WDTAM: What Do These Acronyms Mean

We as a society cannot seem to function online without the prolific usage of acronyms. Individually we may have differing views on the value of these acronyms, but regardless they are part of life now. There are surely a variety of reasons for this, and we can point the finger of blame at many things, but I think this is the main culprit/catalyst:

Flip phone with keypad
Many consider this to be “old school”

Take note of those keys. In order to type out a text message on there you had press a lot of keys. For instance, in order to get an “i” you had to press 4 three times. It is easy then to see where this led. Saying “are you there” took 26 (feel free to check my math) button presses, while “r u there” took only 19. You can’t argue with math and science and general human impatience.

Ultimately it doesn’t really matter how the trend started or what our feelings about it are. The important thing is to recognize that even if we never use any ourselves we will come across others using them, and we should be have at least some rudimentary knowledge of what they stand for.

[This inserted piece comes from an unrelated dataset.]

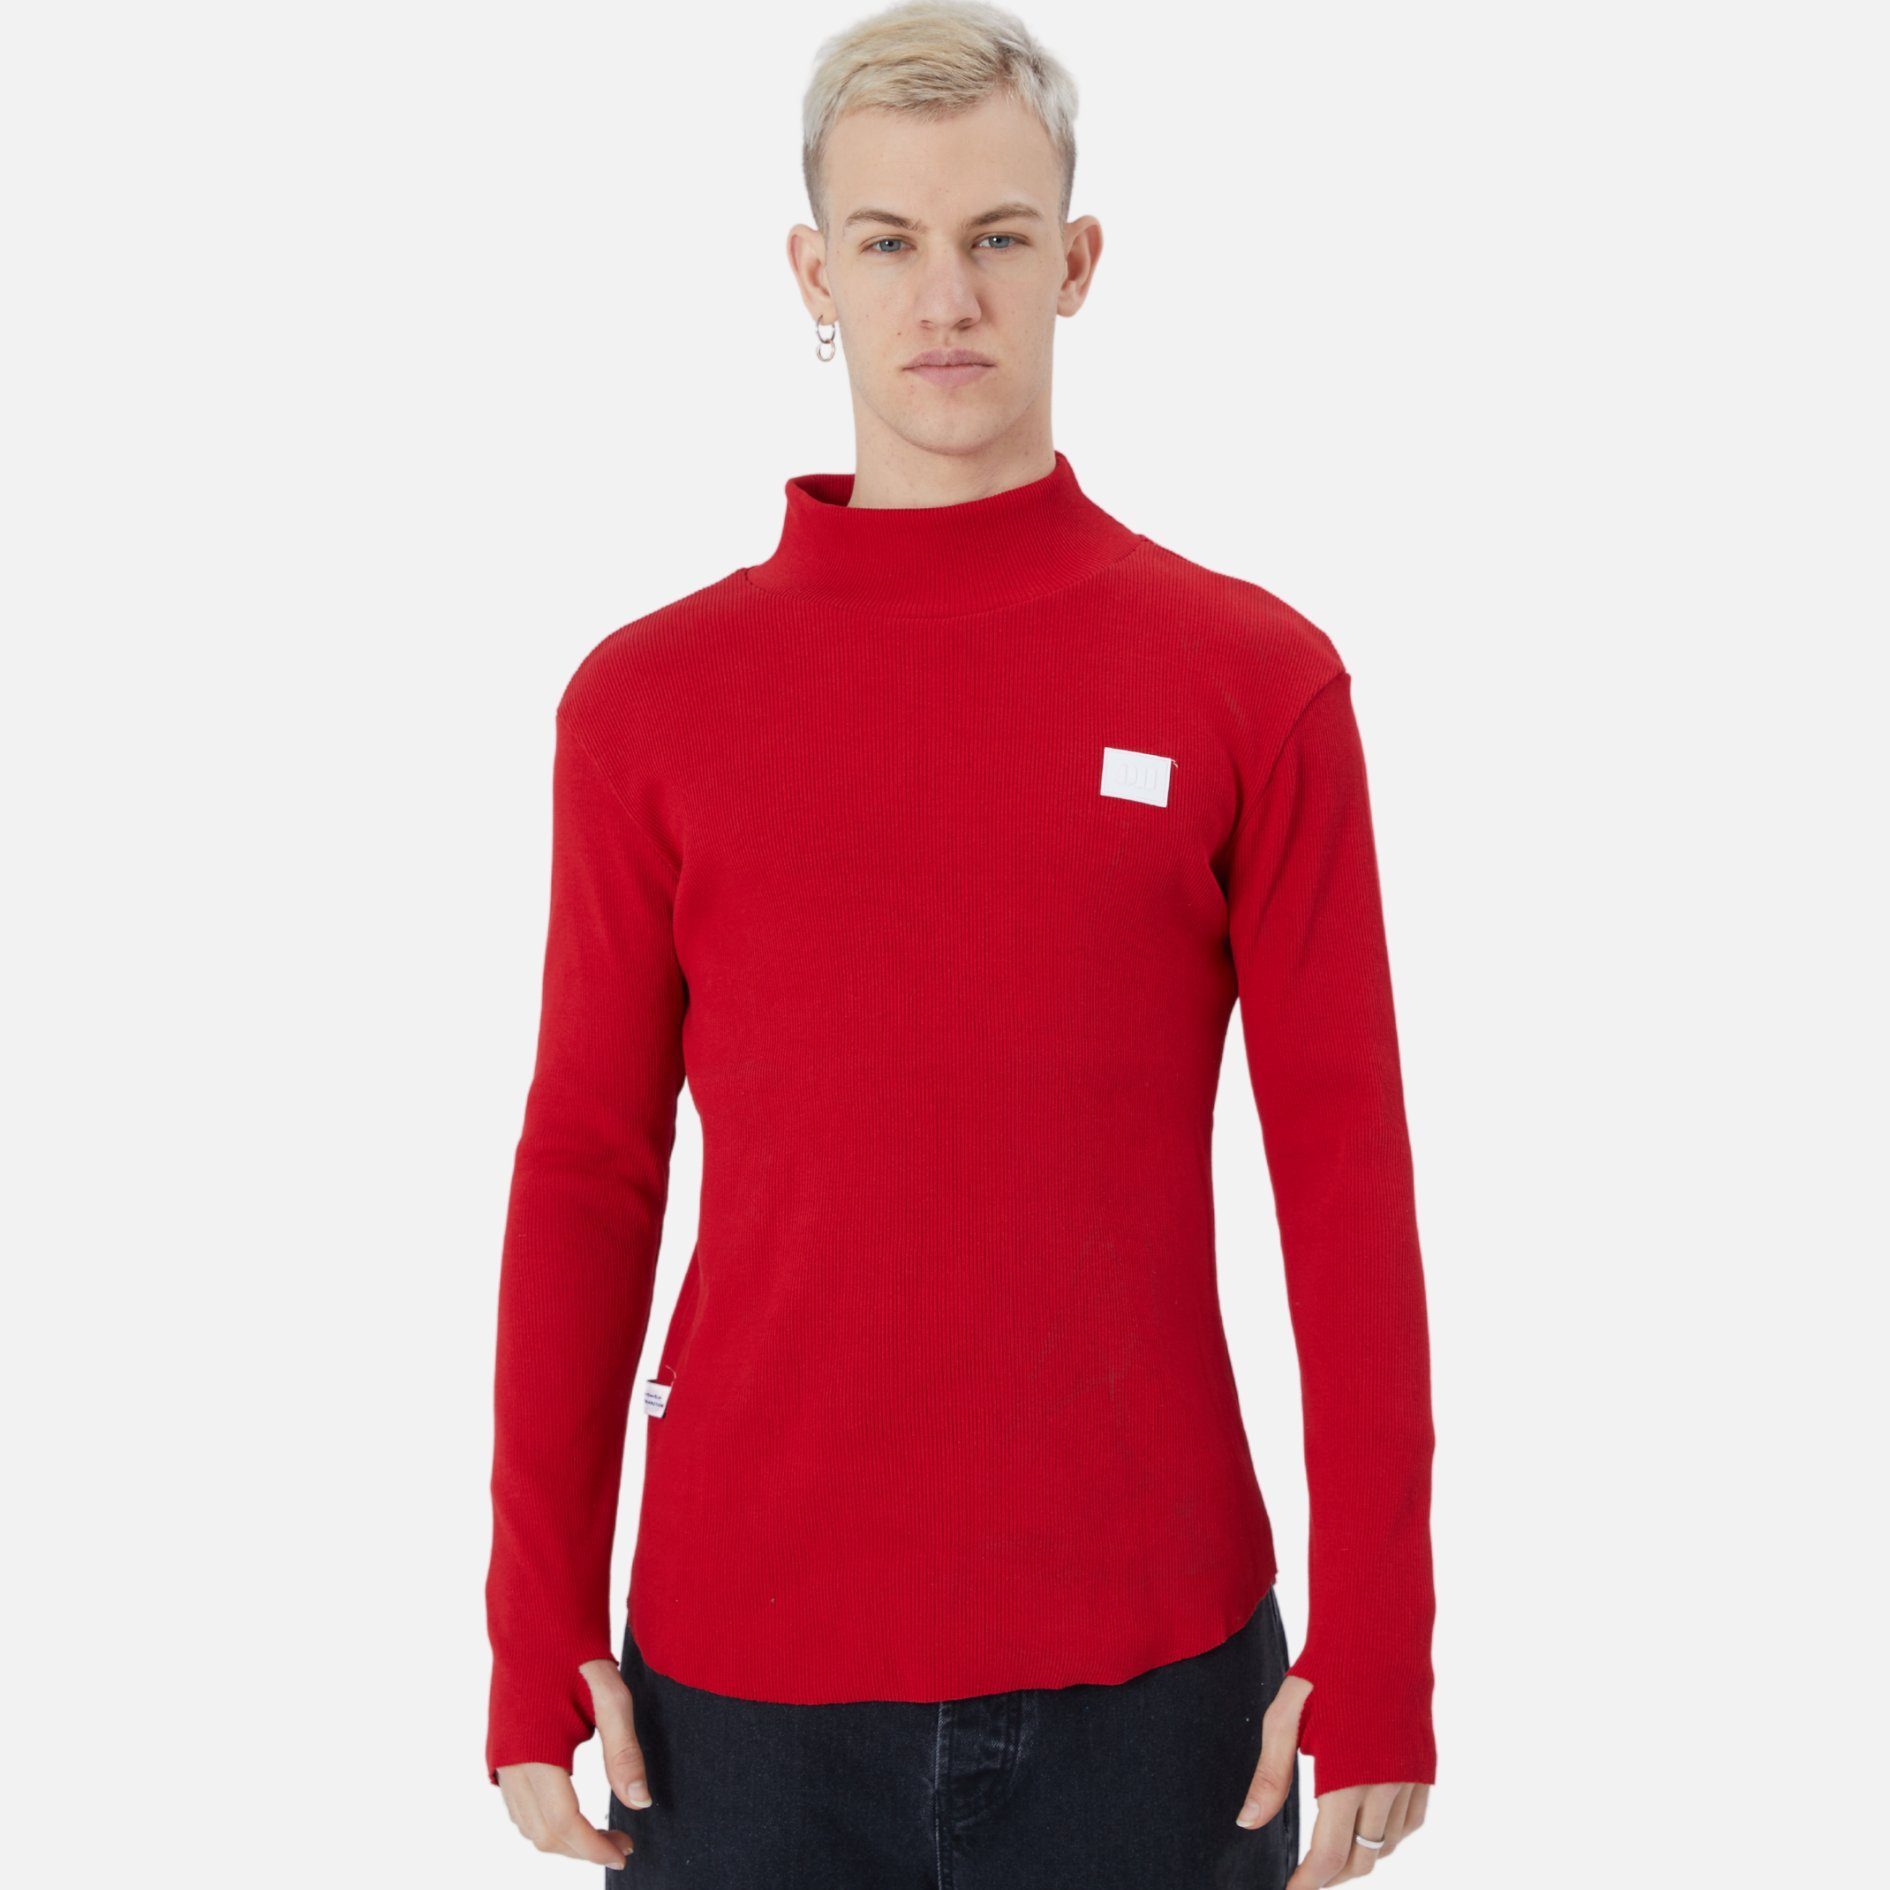 COFI Casuals Sweatshirt Herren Rundhals Sweatshirt Regular Fit Pullover Rot

There are dozens and dozens of them, but most are not widely used. Some are very specific towards particular types of conversations, topics, and websites. You can find a variety of lists of acronyms online, including an explanation of lolspeak, and also find articles warning about how teenagers use acronyms as codes to do things they don’t want their parents to know about. I never worried about that too much. I assumed my teenagers would try that sort of stuff, being teenagers and all.

Teens
Clearly up to no good.

So what we have here is a list of the acronyms I most commonly come across or use myself. Your results may vary, of course. I’ll not only spell them out but also use them in a sentence that also links to a book I like. I’ve probably blogged about these books before, but that is okay. This is my blog post and I can do what I want. Also, most of these can be done with either capital or small letters, either/or.

LOL

Laugh out loud. This one is so overused and cliched now that I have seen people write “actual LOL”, to convey that they really did laugh as opposed to it being a stock reply. There are variations to express increasing levels of supposed laughter, such as ROTFL (rolling on the floor laughing).

“The book Hyperbole And A Half will make you repeatedly LOL.”

BTW

By the way. Used to change the topic or add an aside.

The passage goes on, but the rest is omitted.